Look for "Blue" in each line of the records, and copy the lines that have it.

● Stored items:
━━━━━━━━━━━━━━━━━━━━━━━━━━━━━━

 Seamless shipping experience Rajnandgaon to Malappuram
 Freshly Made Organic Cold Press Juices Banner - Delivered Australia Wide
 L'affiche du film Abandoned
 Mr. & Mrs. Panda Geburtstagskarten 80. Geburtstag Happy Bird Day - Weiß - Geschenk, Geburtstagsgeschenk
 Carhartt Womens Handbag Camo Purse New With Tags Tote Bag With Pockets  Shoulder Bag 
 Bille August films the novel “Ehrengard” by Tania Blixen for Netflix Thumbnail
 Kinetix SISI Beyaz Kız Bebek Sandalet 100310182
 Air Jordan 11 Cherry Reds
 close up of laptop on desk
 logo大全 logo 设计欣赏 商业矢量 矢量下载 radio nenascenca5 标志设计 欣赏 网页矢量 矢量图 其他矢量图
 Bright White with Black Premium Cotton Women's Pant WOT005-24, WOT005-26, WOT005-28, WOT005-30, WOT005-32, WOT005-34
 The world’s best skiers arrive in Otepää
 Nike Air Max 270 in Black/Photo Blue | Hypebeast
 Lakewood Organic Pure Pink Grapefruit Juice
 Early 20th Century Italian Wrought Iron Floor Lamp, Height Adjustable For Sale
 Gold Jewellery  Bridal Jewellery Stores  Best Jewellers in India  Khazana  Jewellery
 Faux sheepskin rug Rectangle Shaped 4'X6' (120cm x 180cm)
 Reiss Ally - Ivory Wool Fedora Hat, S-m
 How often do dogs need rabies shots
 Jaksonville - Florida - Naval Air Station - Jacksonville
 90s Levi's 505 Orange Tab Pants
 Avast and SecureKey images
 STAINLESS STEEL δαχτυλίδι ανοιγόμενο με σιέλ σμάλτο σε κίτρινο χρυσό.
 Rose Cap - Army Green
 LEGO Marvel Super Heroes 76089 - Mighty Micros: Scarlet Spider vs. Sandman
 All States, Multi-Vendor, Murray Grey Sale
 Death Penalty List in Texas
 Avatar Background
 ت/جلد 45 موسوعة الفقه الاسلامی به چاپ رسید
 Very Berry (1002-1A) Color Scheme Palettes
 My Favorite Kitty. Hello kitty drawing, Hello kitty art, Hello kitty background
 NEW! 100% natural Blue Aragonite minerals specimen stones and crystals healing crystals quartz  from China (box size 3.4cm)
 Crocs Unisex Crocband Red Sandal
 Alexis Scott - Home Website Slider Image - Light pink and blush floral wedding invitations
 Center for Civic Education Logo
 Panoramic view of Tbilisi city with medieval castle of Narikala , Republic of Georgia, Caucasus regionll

━━━━━━━━━━━━━━━━━━━━━━━━━━━━━━

● SOLUTION BELOW:
 Nike Air Max 270 in Black/Photo Blue | Hypebeast
 NEW! 100% natural Blue Aragonite minerals specimen stones and crystals healing crystals quartz  from China (box size 3.4cm)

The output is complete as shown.